Despite the importance of scientific software for research, it is often not formally recognized and rewarded. This is especially true for foundational libraries, which are hidden below packages visible to the users (and thus doubly hidden, since even the packages directly used in research are frequently not visible in the paper). Research stakeholders like funders, infrastructure providers, and other organizations need to understand the complex network of computer programs that contemporary research relies upon. In this work, we use the CZ Software Mentions Dataset to map the upstream dependencies of software used in biomedical papers and find the packages critical to scientific software ecosystems. We propose centrality metrics for the network of software dependencies, analyze three ecosystems (PyPi, CRAN, Bioconductor), and determine the packages with the highest centrality.

Editorial analysis

A structured set of objections, weighed in public.

Desk editor's note, referee report, simulated authors' rebuttal, and a circularity audit. Tearing a paper down is the easy half of reading it; the pith above is the substance, this is the friction.

Referee Report

2 major / 1 minor

Summary. The manuscript claims that the CZ Software Mentions Dataset can be used to map upstream dependencies of software mentioned in biomedical papers, that centrality metrics can be defined on the resulting dependency networks, and that analysis of the PyPI, CRAN, and Bioconductor ecosystems reveals the packages with highest centrality that are critical yet hidden in scientific software stacks.

Significance. If the dataset is shown to be representative and the centrality definitions are made explicit and reproducible, the work could help funders and infrastructure providers identify foundational packages that merit greater recognition. The multi-ecosystem scope is a constructive feature. The grounding in an external mention dataset is noted as a positive, data-driven approach.

major comments (2)
  1. [Data and Methods] Data section: no coverage statistics, comparison against an independent corpus (e.g., PubMed Central full-text), or bias analysis is supplied to establish that the CZ Software Mentions Dataset supplies a representative sample of packages and dependency relations actually invoked in biomedical papers. This assumption is load-bearing for the upstream-dependency mapping and all subsequent centrality rankings.
  2. [Methods] Centrality definition: the manuscript does not supply explicit formulas or pseudocode for the proposed centrality metrics on the dependency graphs, nor does it report how the graphs are constructed from mentions (e.g., edge-weighting, handling of transitive dependencies). Without these, the claim that the highest-centrality packages are the “critical” ones cannot be evaluated.
minor comments (1)
  1. [Abstract] Abstract: the three ecosystems are named but the scale of the extracted networks (number of nodes/edges) is not stated.
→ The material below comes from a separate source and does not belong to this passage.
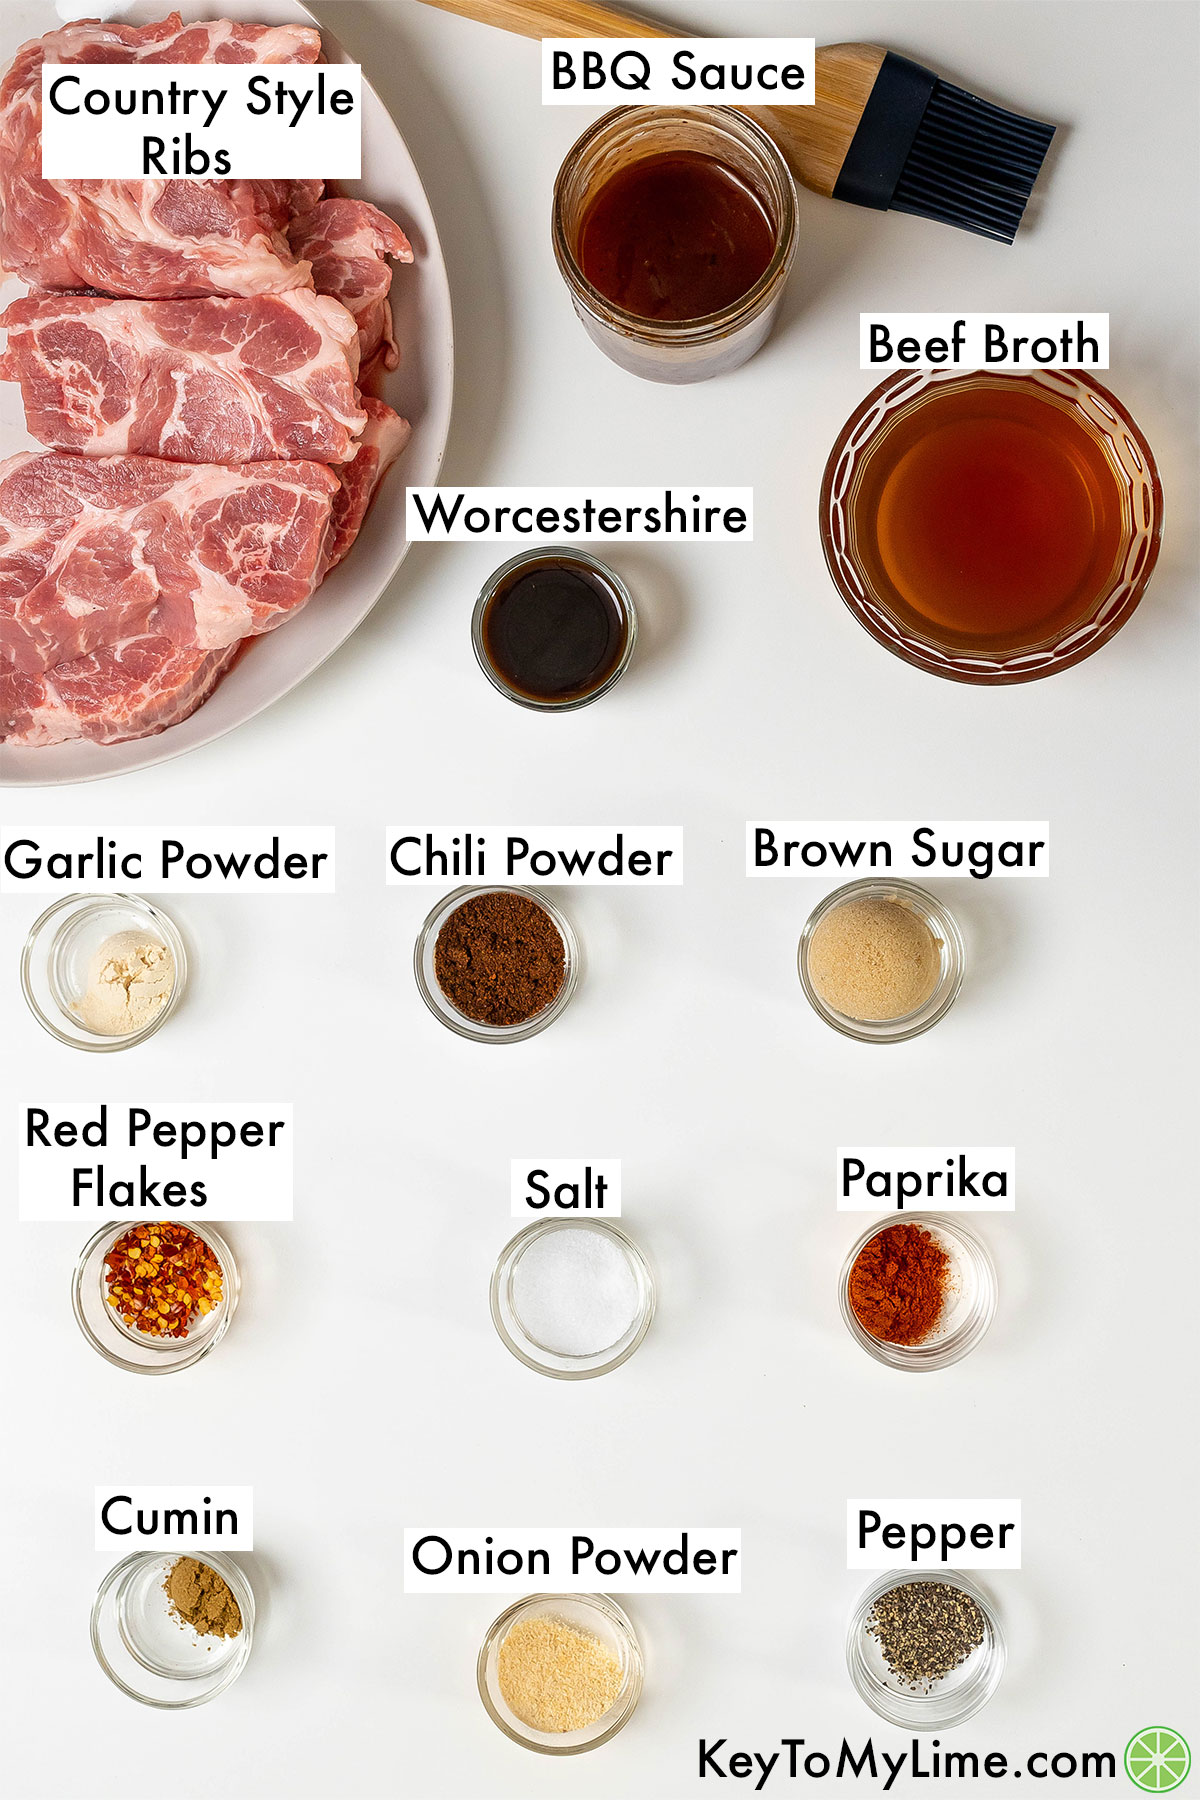 The labeled ingredients for Instant Pot country style ribs.

Simulated Author's Rebuttal

2 responses · 0 unresolved

We thank the referee for the constructive comments, which identify key areas where additional transparency and validation will strengthen the manuscript. We agree that both the representativeness of the dataset and the explicit definition of centrality metrics require elaboration. We will revise the manuscript to incorporate these elements as detailed below.
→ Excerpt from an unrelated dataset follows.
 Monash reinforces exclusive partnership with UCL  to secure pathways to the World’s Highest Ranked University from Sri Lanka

read point-by-point responses
  1. Referee: [Data and Methods] Data section: no coverage statistics, comparison against an independent corpus (e.g., PubMed Central full-text), or bias analysis is supplied to establish that the CZ Software Mentions Dataset supplies a representative sample of packages and dependency relations actually invoked in biomedical papers. This assumption is load-bearing for the upstream-dependency mapping and all subsequent centrality rankings.

    Authors: We agree that the manuscript should demonstrate the representativeness of the CZ Software Mentions Dataset. The current version relies on the dataset without providing coverage statistics or bias analysis. In the revision we will add a dedicated subsection to the Data section that reports: the total number of papers and unique packages extracted; basic coverage metrics such as the fraction of biomedical papers containing software mentions; a comparison against a random sample of PubMed Central full-text articles (reporting overlap in mentioned packages); and a brief discussion of potential biases (e.g., field or ecosystem skew). These additions will directly support the validity of the downstream dependency mapping and centrality results. revision: yes

  2. Referee: [Methods] Centrality definition: the manuscript does not supply explicit formulas or pseudocode for the proposed centrality metrics on the dependency graphs, nor does it report how the graphs are constructed from mentions (e.g., edge-weighting, handling of transitive dependencies). Without these, the claim that the highest-centrality packages are the “critical” ones cannot be evaluated.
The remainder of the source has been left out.